I liked the line about the sheep.

Does that mean that the New Zealand Mutton and Wool industry is a fundamental constant of the universe:p:D;)
Well sheep are a good fit for the country. Mind you, New Zealand actually now produces more beef than mutton, or so I hear.
 
Well I'm done with the 2nd thread, but I'll reserve all my comments for when I get done with the updates for the new. I do have to say, even though it's going down a dark road, I love the UPSA :cool:. This is the only TL I can think of that has South America not just getting glossed over (admittedly not as bad as Africa), but becoming a world power. But like I said, I'll get more into it when I'm caught up and can contribute to the 'present' rather than the past.
 
Oh dear, I foresee this looking like the Krikkit...

Excellent update, a very interesting spin on the development of a non-Western modern military power.
 
Speaking of "superweapons," what is the deal with gunpowder, exactly?

Mix the right proportions of suitable carbon powder, suitable sulfur powder, and suitable saltpeter powder, and you've got gunpowder. Having learned that I got on for decades assuming that, as the post on the Maure implies, it's mainly just a matter of knowing the secret. In that post, all the Europeans have to do is sell the "secret formula" to the Maure and they can make their own powder--in fact the formula can leak and their rivals are making it too, on secondhand information.

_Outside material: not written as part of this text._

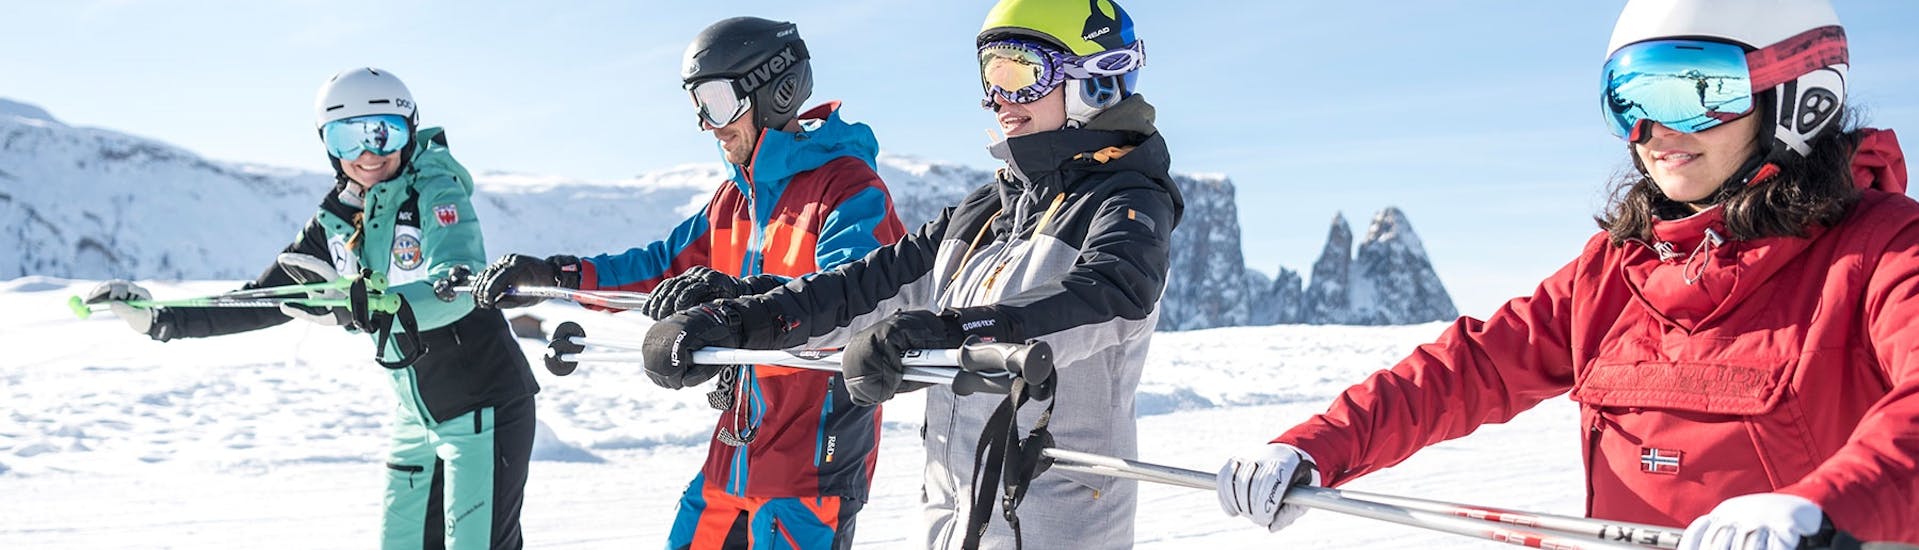 Erwachsene halten sich an Stange an beim Skikurs für Erwachsene für alle Levels mit Skischule Schlern 3000.
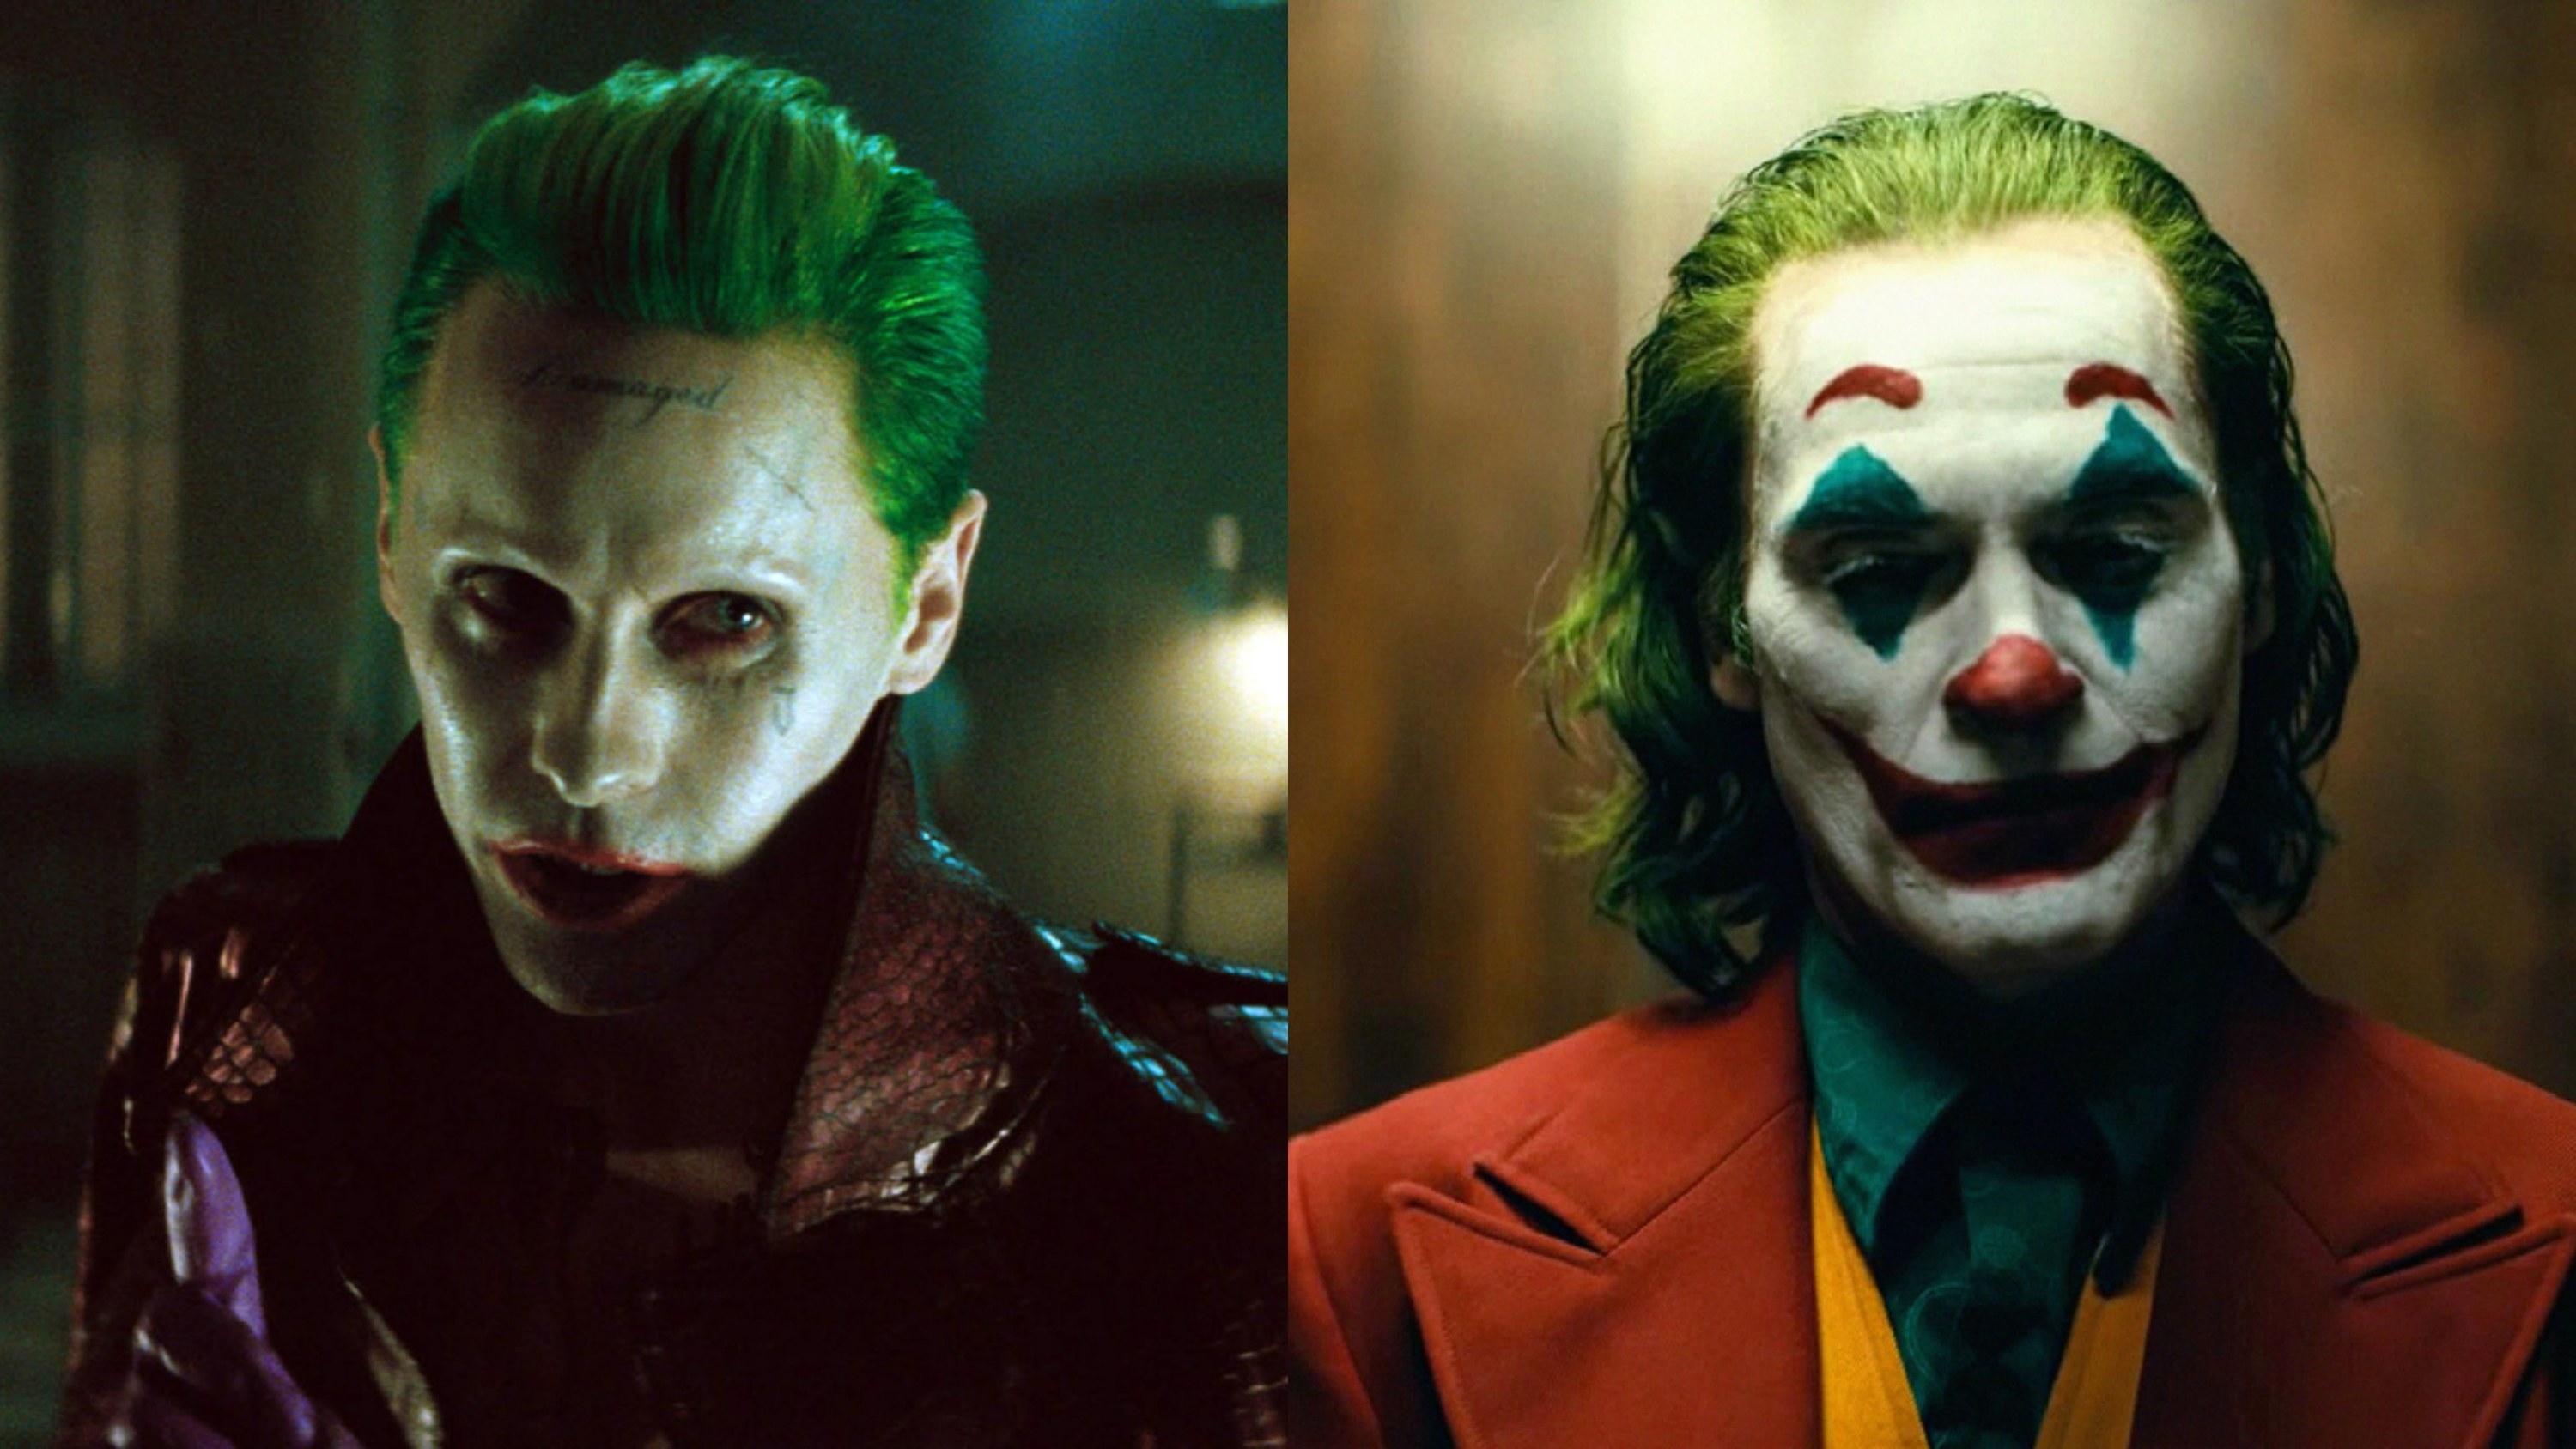 Jared Leto as The Joker vs Joaquin Phoenix as The Joker

But then I learned a bit more US history, then I encountered any number of threads here at AH asserting that a suitable form of saltpeter in particular is a scarce and easily monopolized resource. Any number of threads with people claiming that for instance if the USA went to war with Britain in the latter half of the 19th century (say in the 1870s or '80s) we'd be brought to our knees because the British had gotten control of the major saltpeter sources (guano mines, on the South American Pacific coast, mostly) and we'd soon run out of gunpowder. The Germans supposedly risked a similar dire fate until they invented the Haber process, and then, some say, still suffered OTL from having enough nitrates either for waging the war or for fertilizing the fields for food, but not both.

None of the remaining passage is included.